My biggest problem is I make a plan/schedule, but then don't end up sticking to it. I plan to get up early to get started and get my workout in, but that depends on when bub has her first breastfeed. This morning I thought I'd sneak out before she woke, but heard her crying just as I was getting my shoes on... then the other 2 woke up and after breakfasts and lunches made and workout and shower we ended up getting out the door half-an-hour late to preschool! Anyway, the point is, I can't put a timer on my kids, and they are my priority, but also the biggest spanner in the works. Scheduling in spending time with them as well as the 50 other things I have to do is just plain HARD. Enough whingeing... any suggestions??
I remember those days! Even though my kids are older now, I still have them, although not on the same scale as when they were little.

When you have small children it really is impossible and unrealistic to try to stick to a strict schedule. I found that I needed to do something more in line with a revolving schedule. I would basically have a few main headings and try to rotate through them as often as possible - some needed to be done more often than others. Some days - probably a lot of days - everything did not get done.

I used a chart that was in pie form so that I could easily pick and choose what ever suited me at the time because it was not linear. I didn't do it at the time, but it could easily be put into a plastic sheet protector that could be checked off as each area is done to keep a loose score and to try to keep some balance to it.

It can be a nice tool for the kids when they are older as well since it would colour nicely.

I am going to make one up to go with the My Clean House/BOOST Housework Circuit manual.

I think it's really important that mom's especially of small kids acknowledge the value and workload that they are under. I remember when my kids were young feeling like I wasn't doing enough - only because my main job was looking after the kids. So I took on much more than I should have to 'be productive' and to keep up with what I thought everyone else expected of me.

Now I look back and realize how crazy that was!

The big thing is to choose only the most important priorities and put the rest on hold. You just can't do everything, period. They will grow up fast - I am still in shock myself - I thought it would last forever - and then you can add more on.

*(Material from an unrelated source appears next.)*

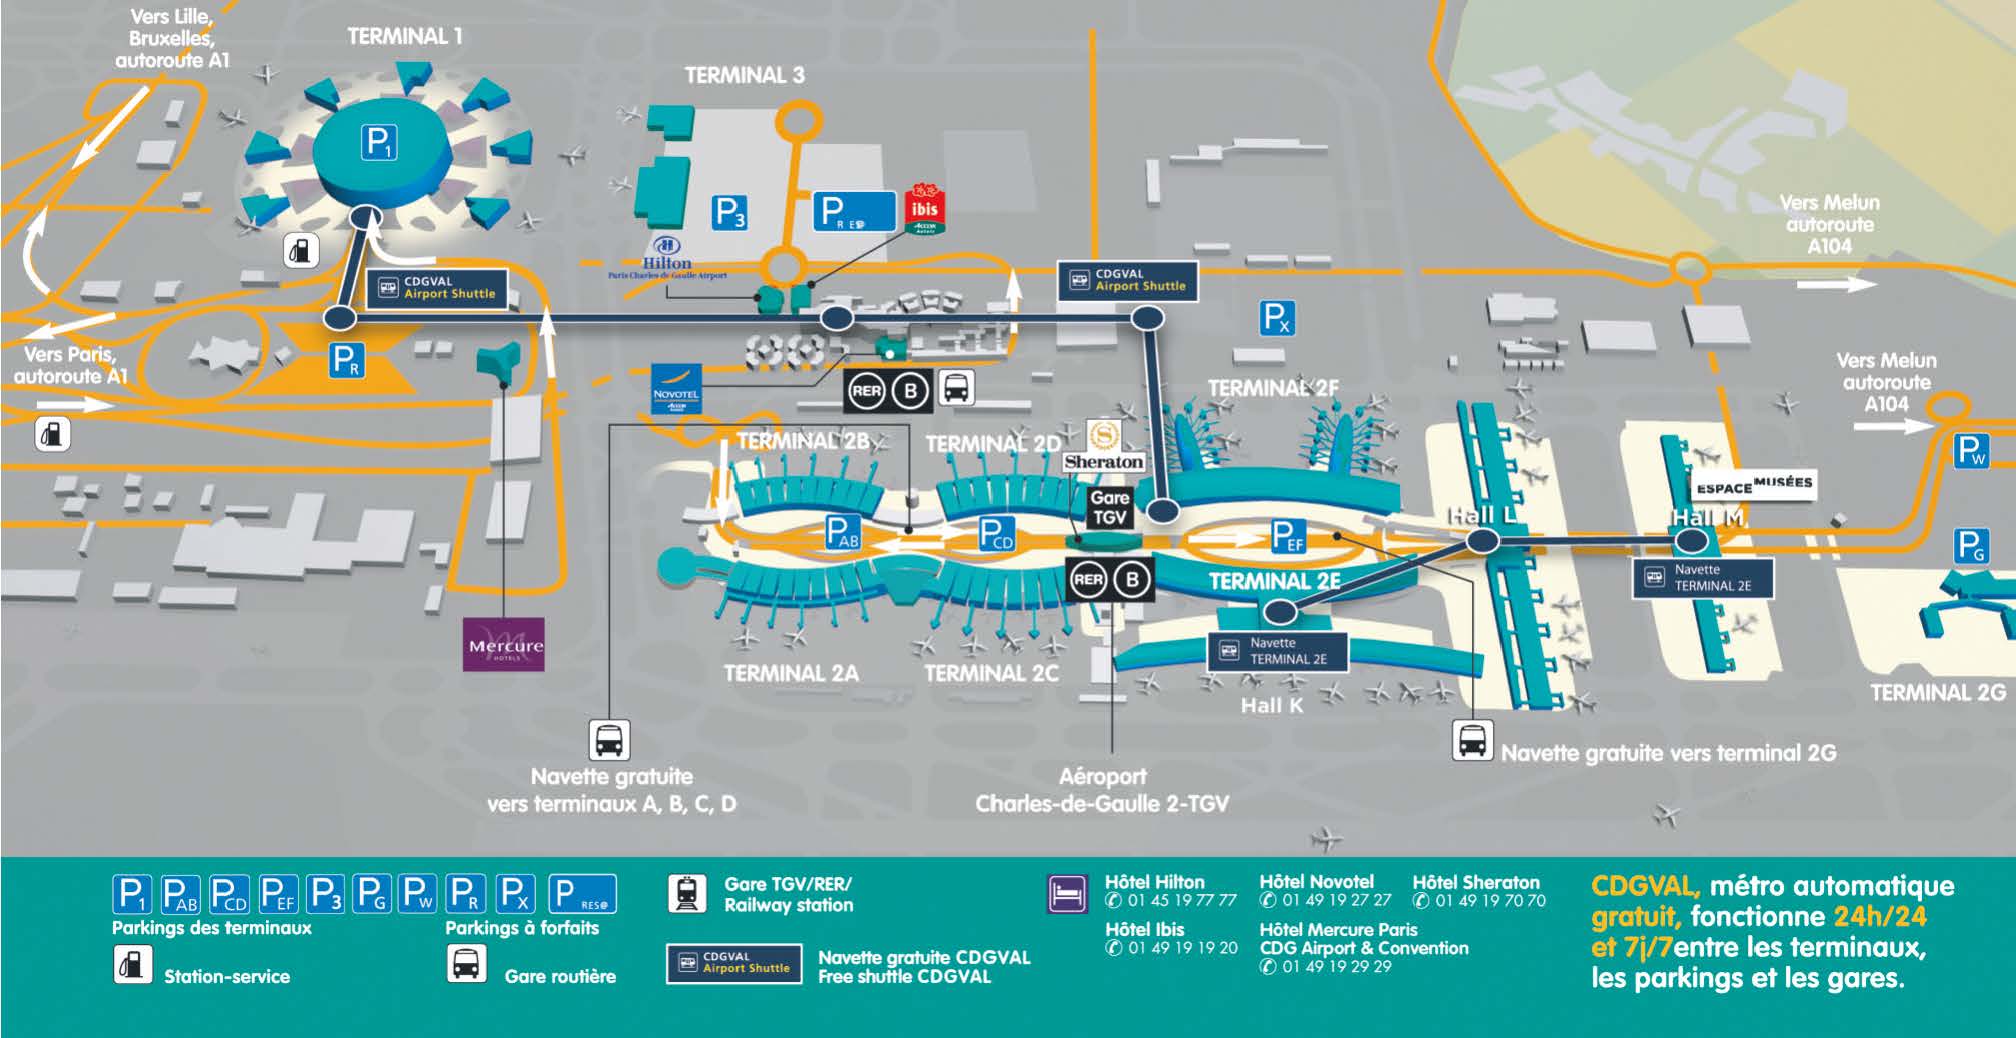 Roissy-Charles de Gaulle Airport Map - Paris by Train
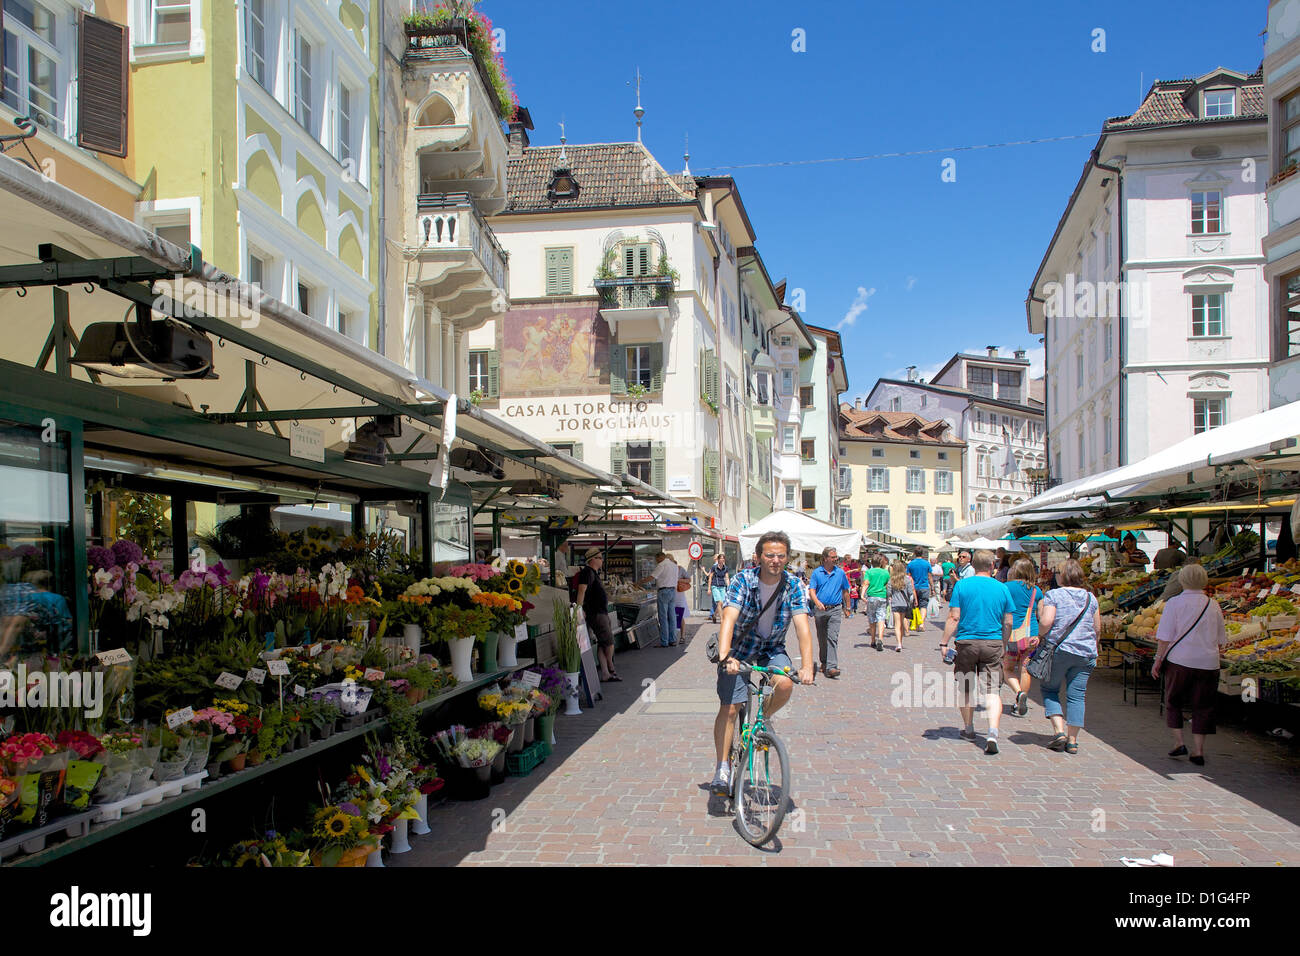 Marktstände, Piazza Erbe Markt, Bozen, Provinz Bozen, Trentino-Alto Adige, Italien, Europa Stockfoto

Simplify where ever you can and get help if you possible can, even if it's just a few times a week to get your resistance workouts in (you may be able to get creative with your intervals - even if it means a jogging stroller to sprint/walk sometimes - I don't know if anyone is doing that for those impossible days? It's so important to look after yourself - that's not optional :0)

I hope that this is of some help, let me know if you have any more questions or just need to do some brainstorming on particular items, you never know who might be able to come up with some suggestions :0)
I think as Mums, we are constantly doing the life-juggle, with 101 different things all going on at the same time. I know I need to slow down, and while I may have our home (almost) in control, I perhaps don't have time for other things that matter to me, or I end up accomplishing something, but only just, and I know I could have done better.
Life's too short , and we have to prioritize. I'd like to take stock of my routines and take back some more time with the family.